MMA focuses on helping companies manage their benefits, insurance programs and overall risk exposure unique to their industry, so that our philosophy and mindset filters down to all divisions. Our team first and foremost wants to ensure that our clients have a retirement plan benefit that is robust and properly managed.


PLANADVISER: How is your team unique/competitive in the marketplace?

Bayliss: Our team is unique in the sense that we consider ourselves innovators. We routinely challenge the status quo as to our deliverable and look for gaps in the industry and how we can provide value to our clients. Some ways we have done that:

  1. Prosper Wise – We created a multi-faceted financial wellness program that gives individual participants access to online education and unlimited one-on-one sessions with financial coaches on any financial topic.
  2. CPSP Designation – We pioneered the Certified Plan Sponsor Professional designation in conjunction with the Plan Sponsor Council of America as a way to better educate our clients on their fiduciary responsibility.
  3. PEMA Team – With M&A and private-equity-backed transactions on the rise, we developed a team of experts to specifically help clients navigate the complex world of consolidating benefits.

All of this is on top of our standard delivery model, which we have tailored to meet the different needs of our clients.

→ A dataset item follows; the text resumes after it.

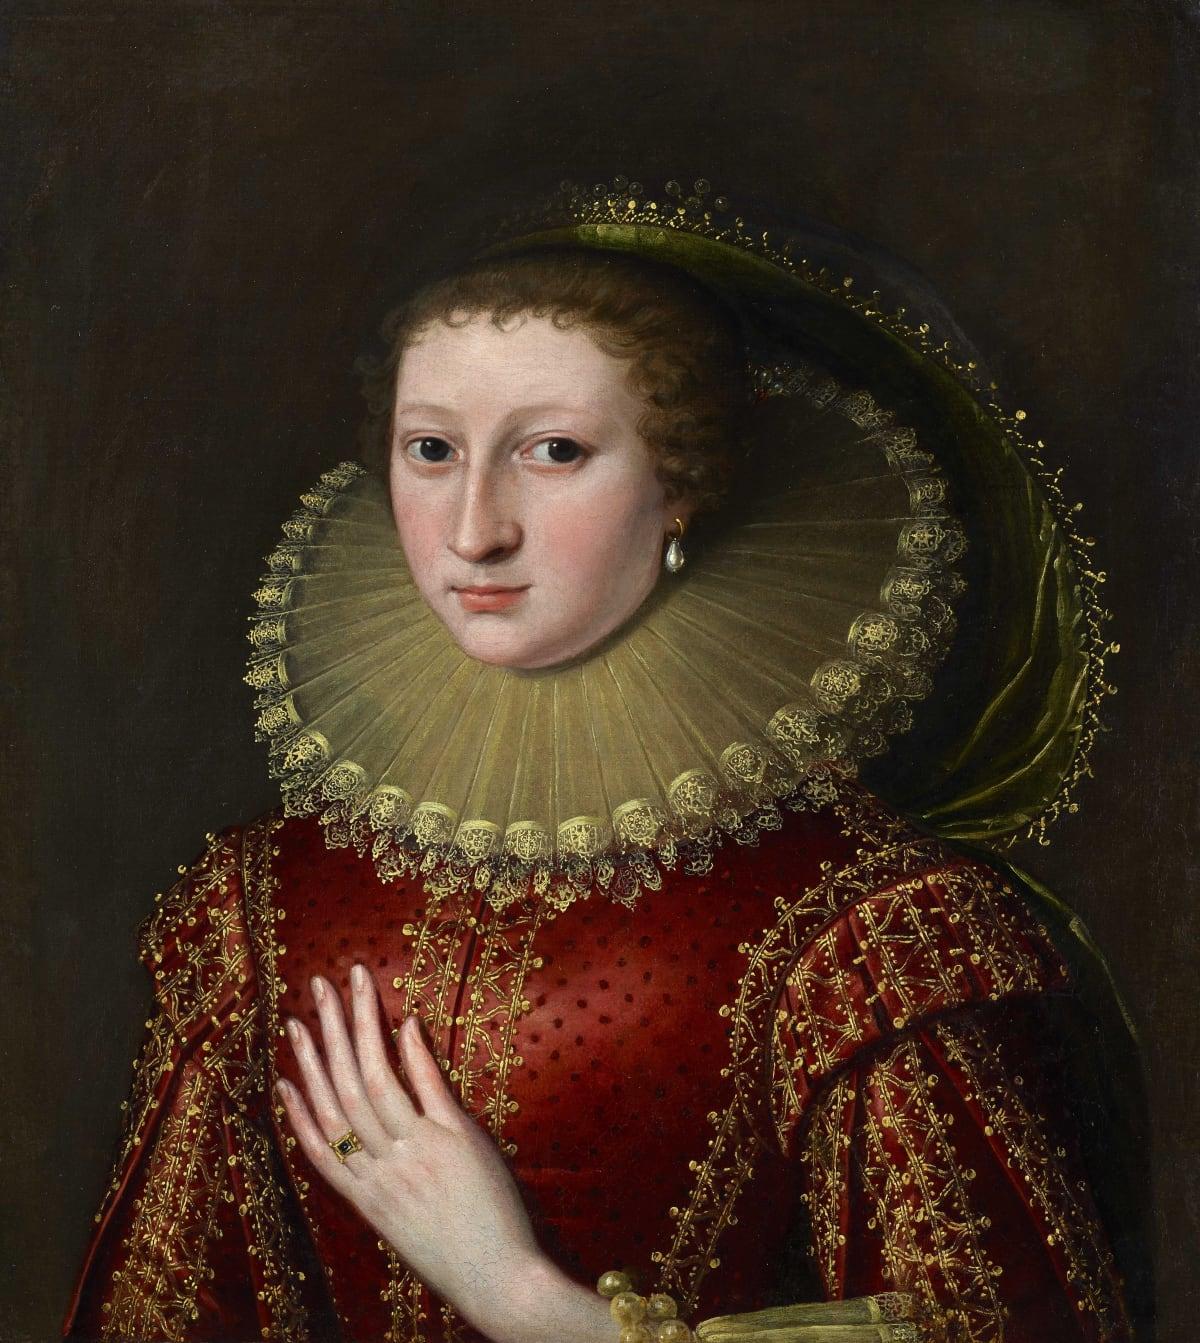 Paul van Somer (c.1577 – 1621) An Unknown Noblewoman, circa 1620 Oil on canvas 23 ½ x 21 ¼ in. (59.7 x 54 cm.)

Our enterprise team focuses on larger plans with big committees and managing growing risk and liabilities, while our signature team are specialists for smaller plans that need additional support, want to explore outsourcing and deal with the growing pains as their companies continue to mature.


PLANADVISER: How do you grow your business? What changes to your practice or service model are you planning for 2024?

Bayliss: Our team of producers focuses on growing our business through a mix of organic new business initiatives, M&A support to consolidate acquired businesses and cross-selling with Marsh counterparts in other lines of business.

Our practice is always adapting to the regulatory landscape, helping plan sponsors navigate both national legislation such as the SECURE 2.0 Act of 2022, but also state legislation such as the Maine Retirement Investment Trust program. Being subject matter experts on 401(k) and other DC plans helps us not only be a resource for our current clients, but for prospective clients as well.


PLANADVISER: How does your firm incorporate mentorship into its practice to advance the next generation of plan advisers?

Bayliss: MMA incorporated mentorship programs on many levels, both formal and informal. We have a formal training program we call Growth in Relationships and Opportunities at Work that employees can join as either a mentor or mentee. We pair people up based on where they are in their professional journey and what they look to achieve. No one is turned away.

Aside from the GROW program, all new members of our team are given a mentor for their first year at MMA. The purpose of this is to give all new employees peer support as they navigate getting settled with the company, learn our processes and how to apply them in a client-facing setting. This practice has been hugely successful as all new advisers are able to receive feedback, training and support while learning our best practices, mission and deliverables.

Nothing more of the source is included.